2.5 Bouwvergunning tweede fase
Ter zake van de bouwvergunning tweede fase heeft de Afdeling in haar uitspraak van
13 augustus 2008 het volgende geoordeeld. De rechtbank heeft terecht overwogen dat verweerder er in het besluit tot verlening van de bouwvergunning eerste fase op heeft gewezen dat in het kader van de toetsing van de aanvraag om bouwvergunning tweede fase ten aanzien van de detaillering van het bouwplan aspecten als deugdelijkheid, kwaliteit, duurzaamheid en uitvoerbaarheid nog zullen worden onderzocht door de dienst Stedebouw en Volkshuisvesting (dS+V) en door onafhankelijke deskundigen. Doordat dit ten tijde van het nemen van het besluit van 12 januari 2007 noch ten tijde van het nemen van het besluit van 29 mei 2007 was gebeurd, is er sprake van strijd met het zorgvuldigheidsbeginsel. Daarbij dient volgens de Afdeling in aanmerking te worden genomen dat de voormelde passage omtrent de detaillering van het bouwplan niet moet worden opgevat als een aan de bouwvergunning eerste fase verbonden voorwaarde.
Doordat de Afdeling in haar uitspraak van 13 augustus 2008 dit onderdeel van de uitspraak van de rechtbank van 22 januari 2008 heeft bevestigd, diende verweerder derhalve ter zake van de bouwvergunning tweede fase een nieuwe beslissing op bezwaar te nemen.
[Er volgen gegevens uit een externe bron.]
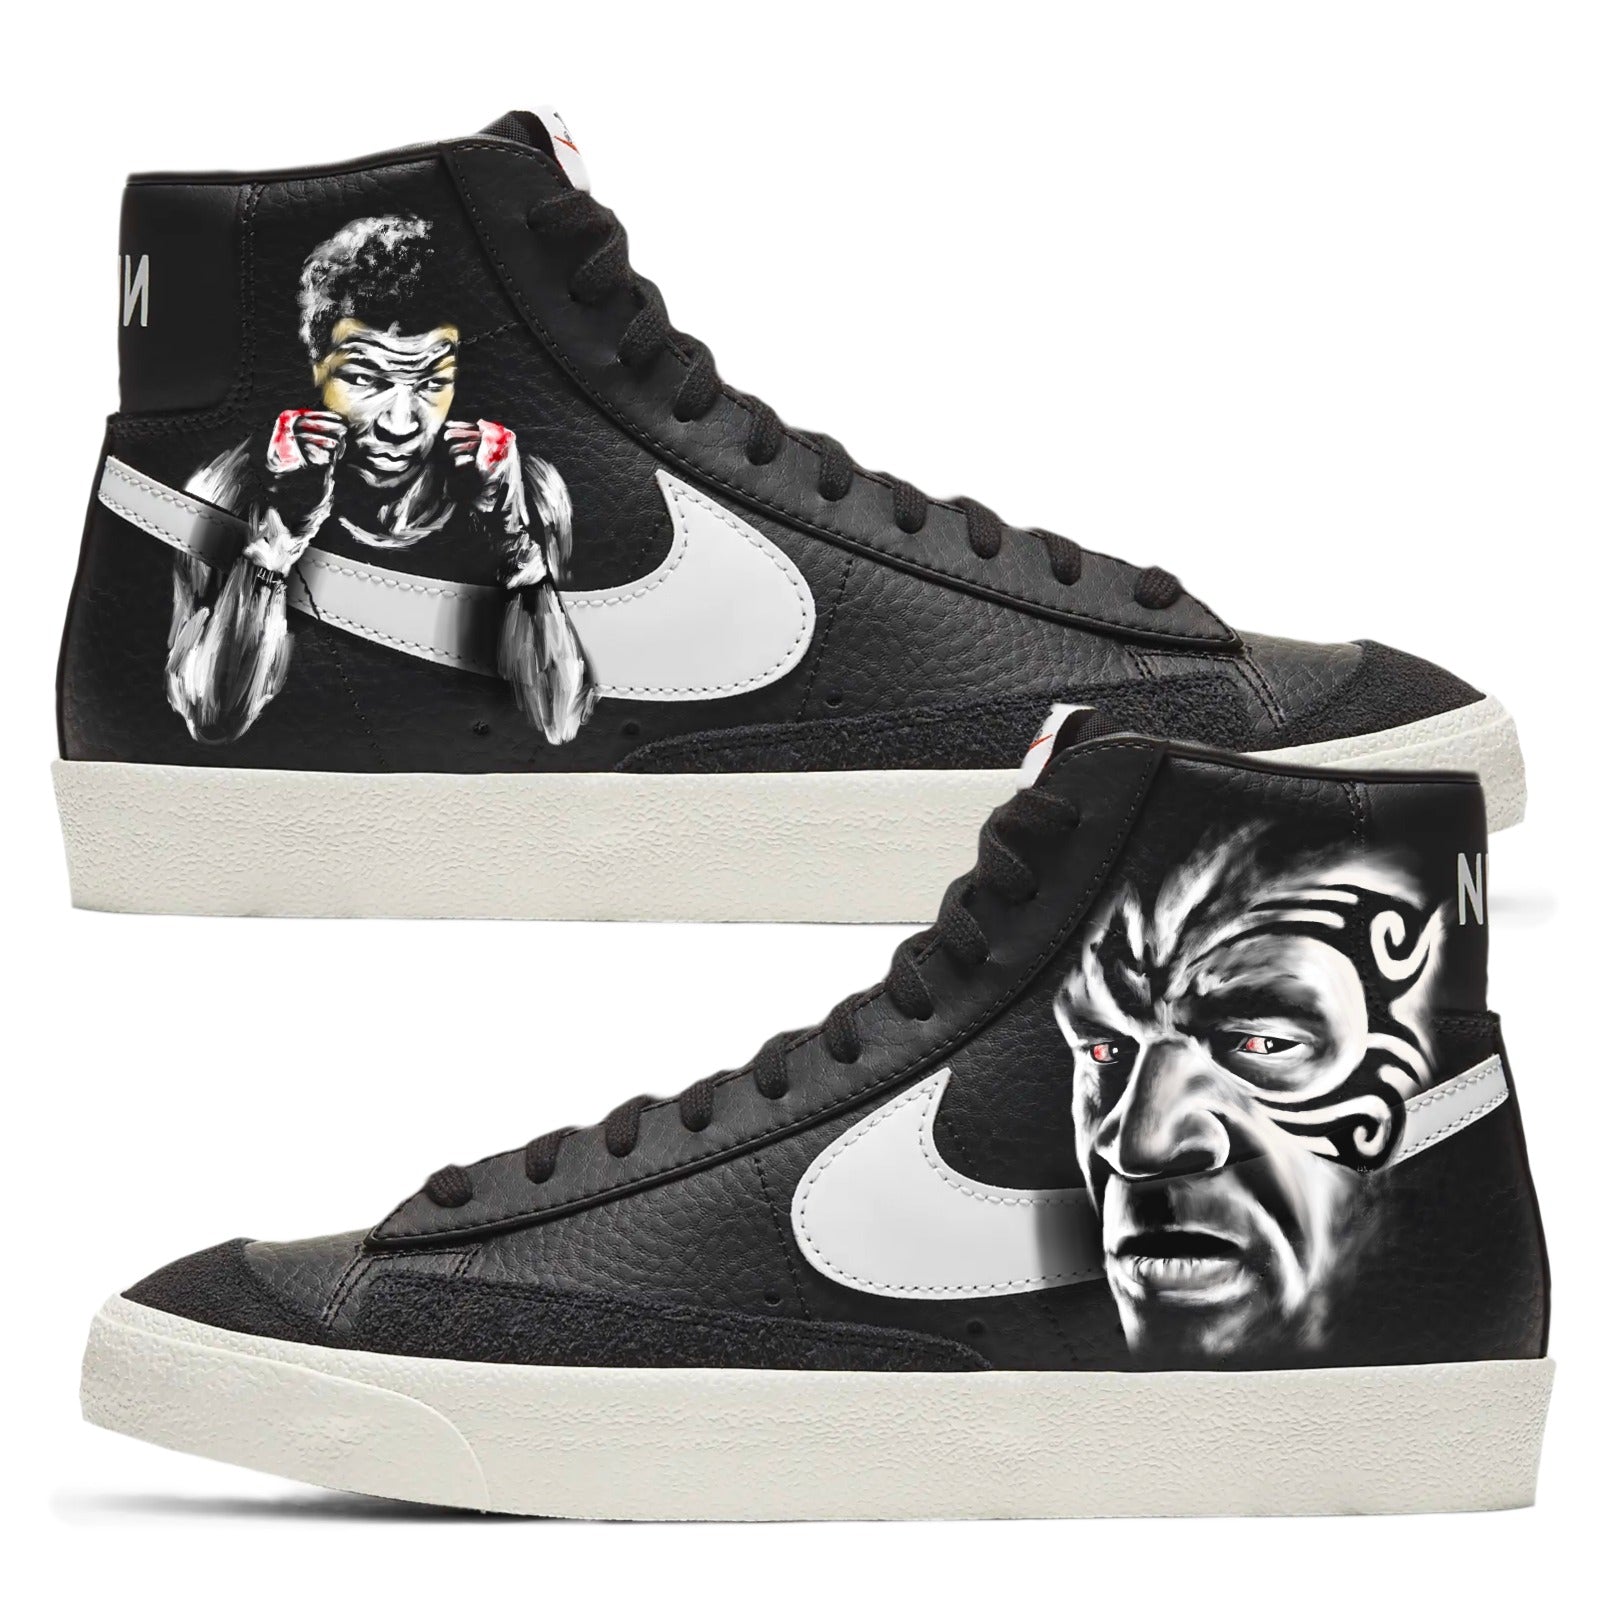 Nike Blazer Mid Sneakers | Black and White | "Iron Mike" - Androo's Art

Bij het bestreden besluit II heeft verweerder de bezwaren, voor zover gericht tegen de vergunde wijziging van het bouwplan met betrekking tot het Bouwbesluit en de bouwverordening, verworpen en de bij besluit van 12 januari 2007 verleende bouwvergunning tweede fase, onder aanpassing van de motivering, gehandhaafd.
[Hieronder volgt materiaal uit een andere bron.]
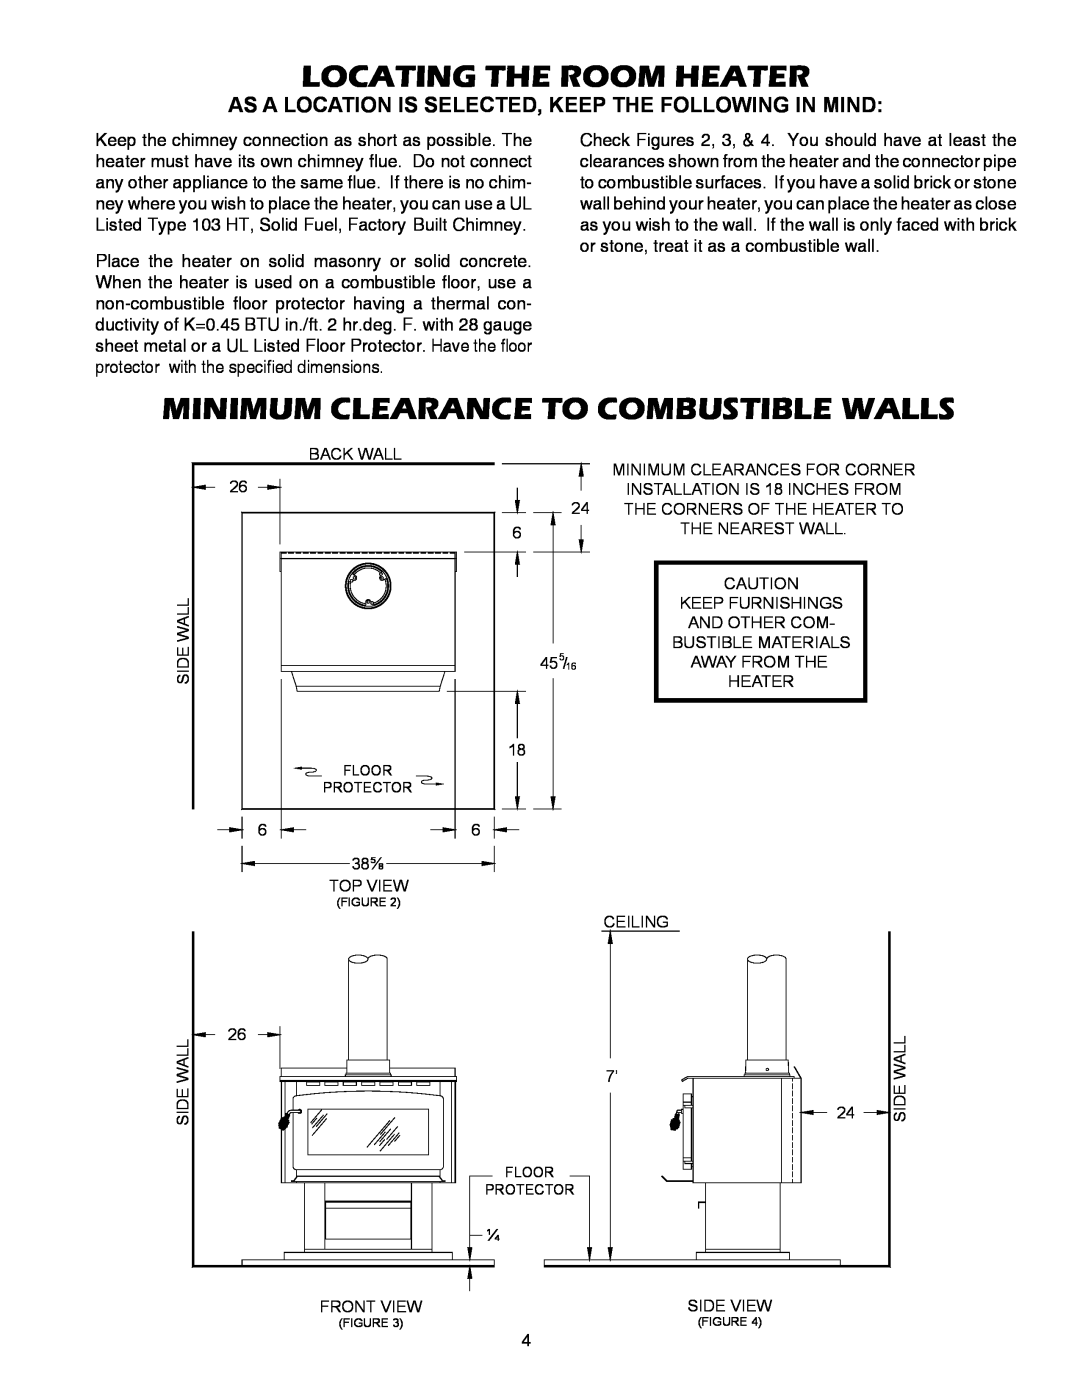 United States Stove 2007B owner manual Locating The Room Heater, Minimum Clearance To Combustible Walls

2.6 Beoordeling bestreden besluit I en het besluit van 17 december 2007 (bouwvergunning eerste fase)
De rechtbank overweegt dat uit het bepaalde in artikel 44 van de Wet op de Raad van State voortvloeit dat een door de Afdeling teruggewezen zaak moet worden beoordeeld en beslist binnen de grenzen van het geding, zoals dat was afgebakend in eerste aanleg, eventueel gecorrigeerd in hoger beroep en met inachtneming van de oordelen van de Afdeling aangaande de aangevoerde beroepsgronden en omtrent de te verrichten ambtshalve toetsing. Dit houdt onder meer in dat het na de terugwijzing van een zaak naar de rechtbank niet mogelijk is nieuwe beroepsgronden aan te voeren.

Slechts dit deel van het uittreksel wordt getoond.